Gerald P. Fogarty, S.J. (right), is congratulated by ACHA president Richard Gribble, C.S.C.
Gerald P. Fogarty, S.J. (right), is congratulated by ACHA president Richard Gribble, C.S.C.

Gerald P. Fogarty of the Society of Jesus and holder of the William R. Kenan, Jr., professorship in Religious Studies and History at the University of Virginia, earned his Bachelor of Arts Degree at Fordham University in 1964 and then went on to earn six graduate degrees, including his Ph.D. from Yale University in 1969. He specializes in Vatican-American relations and is a genuine scholar who has contributed substantially to our knowledge of American Catholic history.
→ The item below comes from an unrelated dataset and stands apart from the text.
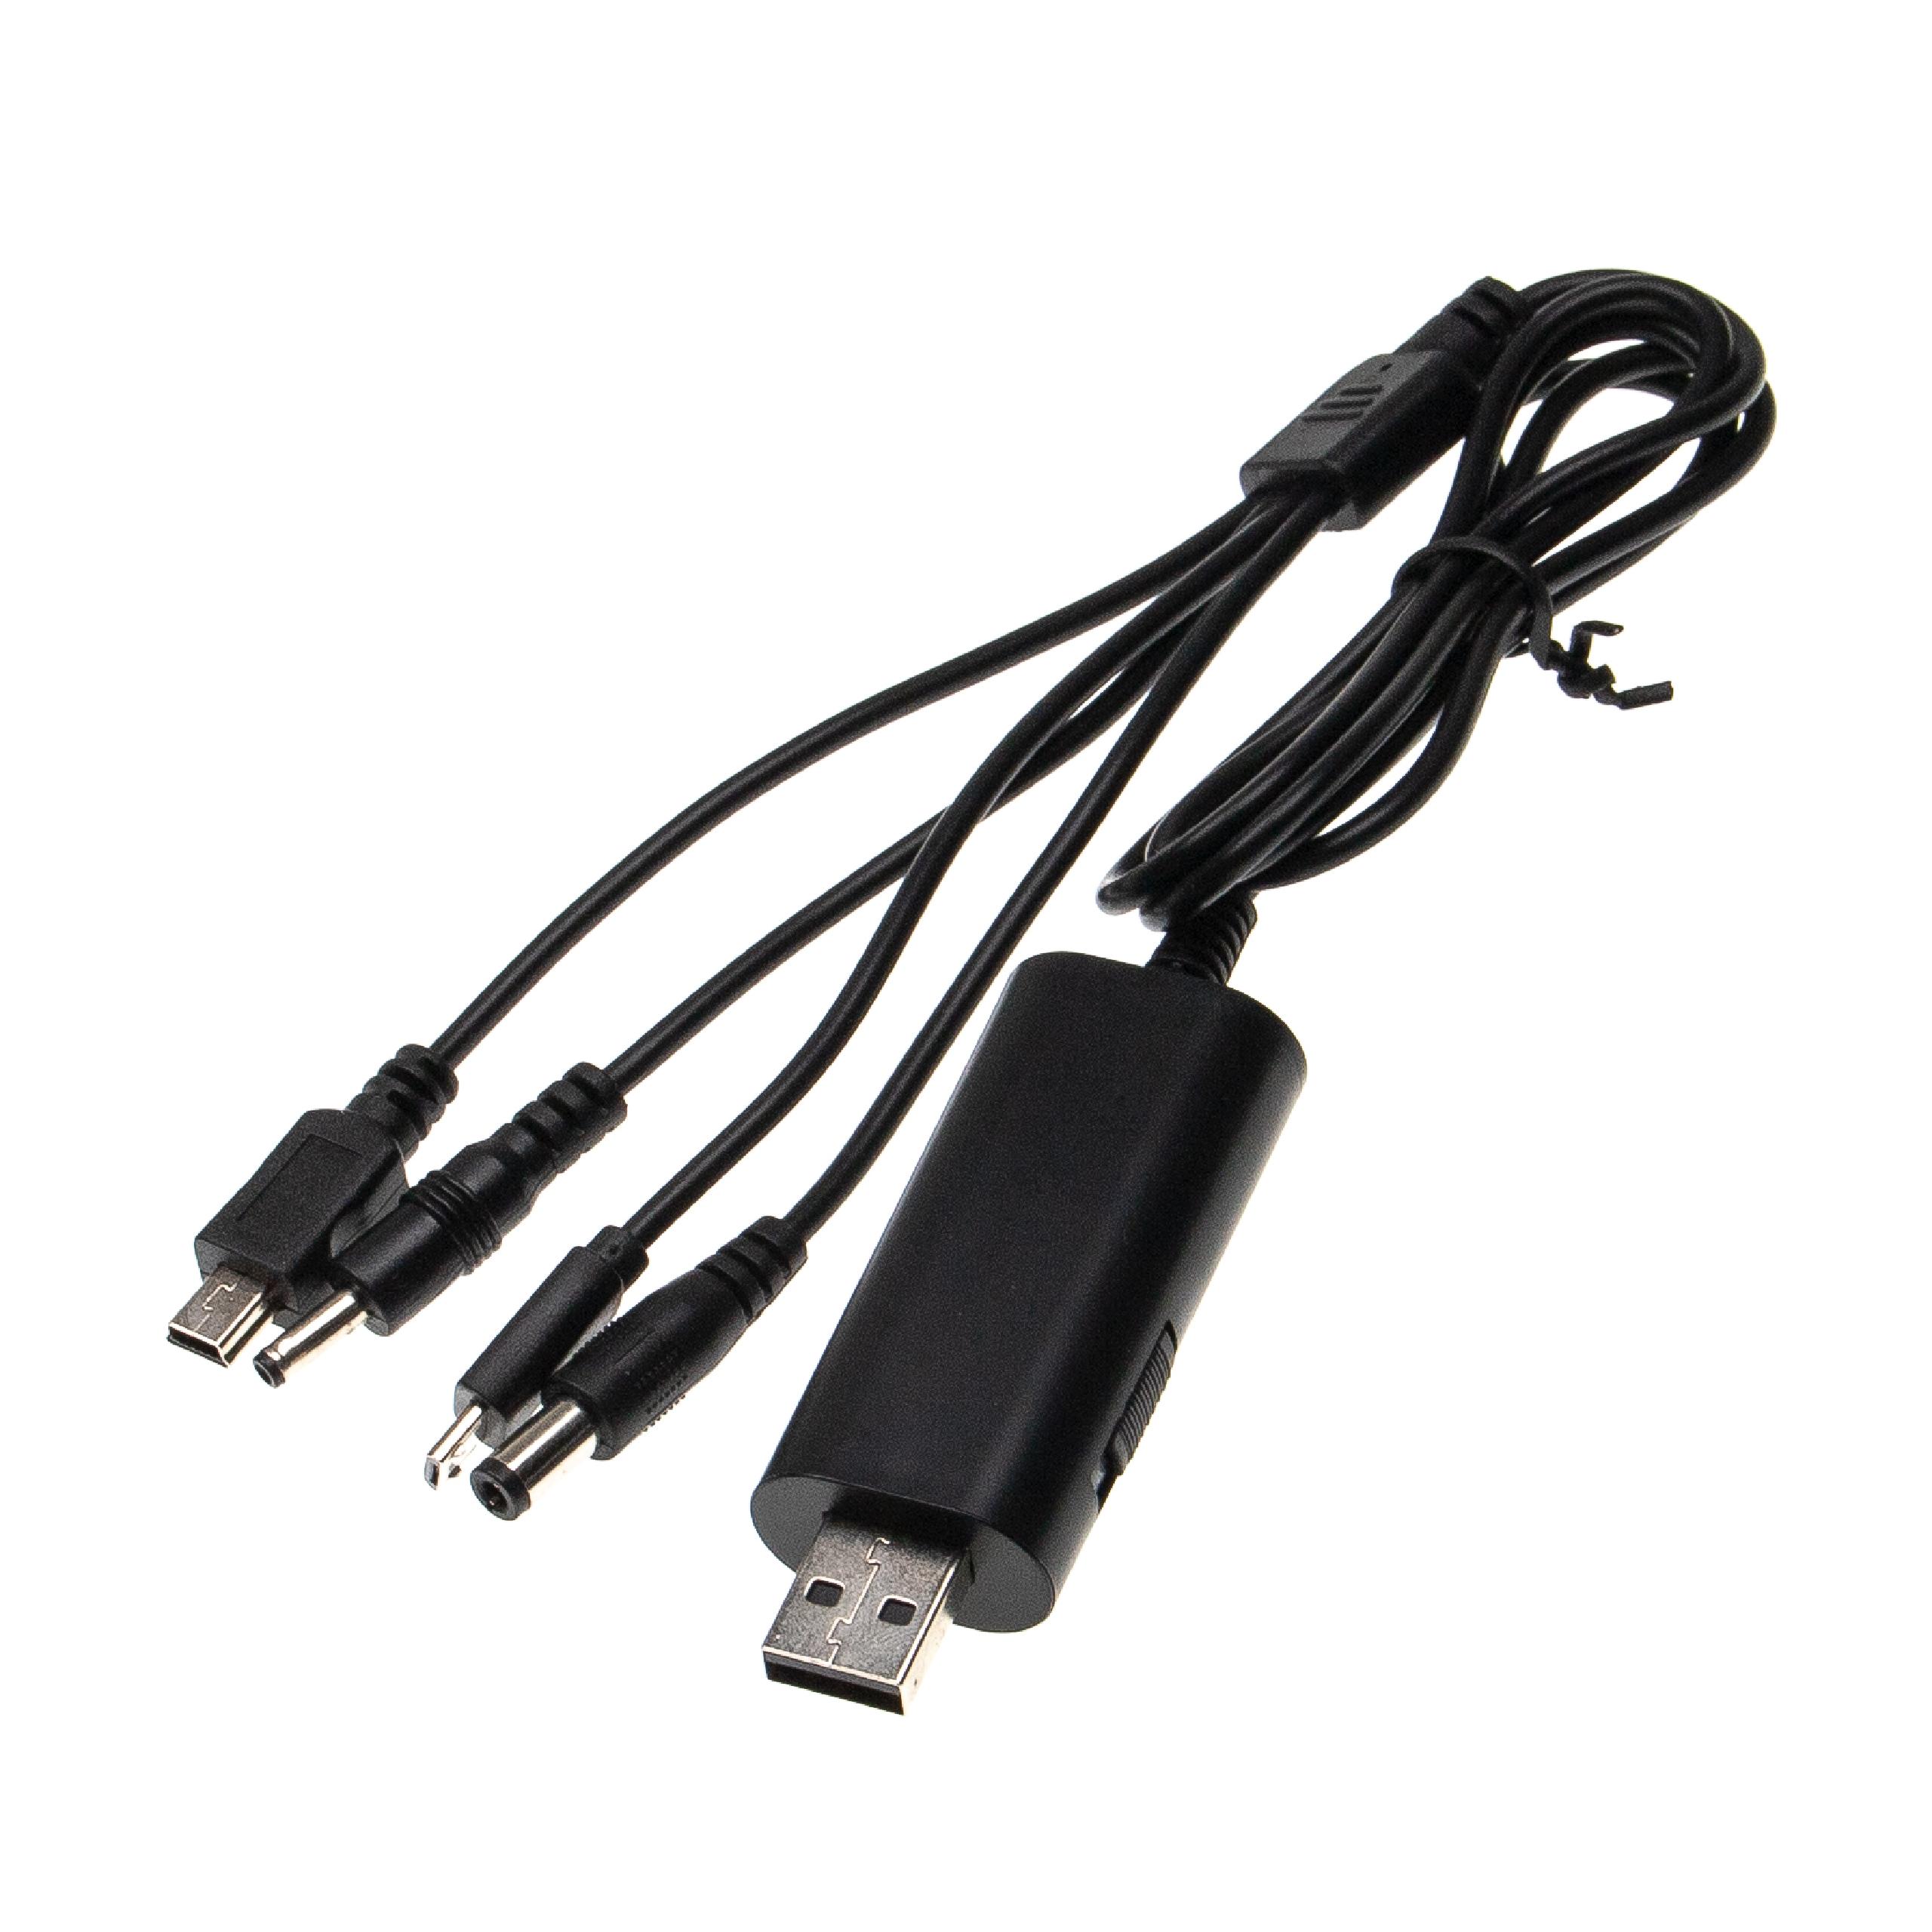 vhbw Universal Multi USB Kabel diverse Geräte z.B. Telefone, Handys, Smartphones - 4-in-1 Adapterkabel, 120 cm

His books are in everybody’s footnotes, his interests and personal knowledge of American Catholic history are outstanding. It was he who pioneered the use of the Vatican Archives for the study of US Catholicism (the new buzz word: transnationalism.) He is tri-lingual (Italian, Latin, and English) and even when people in the profession dismissed any idea of foreign study (who cares what Rome thinks?)–Gerry went ahead and unraveled some of those complicated interactions between the U.S. Church and the Holy See in “Vatican and the American Hierarchy, 1870-1965” (1982) as well as “The Vatican and the Americanist Crisis: Denis J. O’Connell, American Agent in Rome, 1885-1903” (1974); he has continued his Church-State research and publishing with “Relations between the Church in the United States and the Holy See,” in The Jurist (1992); “The Holy See, Apostolic Delegates, and the Question of Church-State Relations in the United States,” in The U.S. Catholic Historian (1994); “Roosevelt and the American Catholic Hierarchy” in FDR, The Vatican, and the Roman Catholic Church in America, 1933–1945 (2003). Presently he is working on a sequel to his Vatican and the American Hierarchy monograph. Gerry has also written a first-class history of the Diocese of Richmond, Commonwealth Catholicism: A History of the Catholic Church in Virginia (2001). And we would be remiss if we did not mention that during his academic career, Gerry has published over 80 scholarly pieces, including journal articles, book chapters, encyclopedic entries, and book reviews. And he has several items ready for the press as we speak. Of note about this priest-Scholar, Gerry Fogarty has always been serious about blending his life as a priest with his scholarship–he considers both a service to the Church.

It is for his dedication to the study of Catholicism, his research and his publications that the American Catholic Historical Association presents its 2018 Distinguished Scholar Award to the Reverend Gerald P. Fogarty, S.J. of the University of Virginia.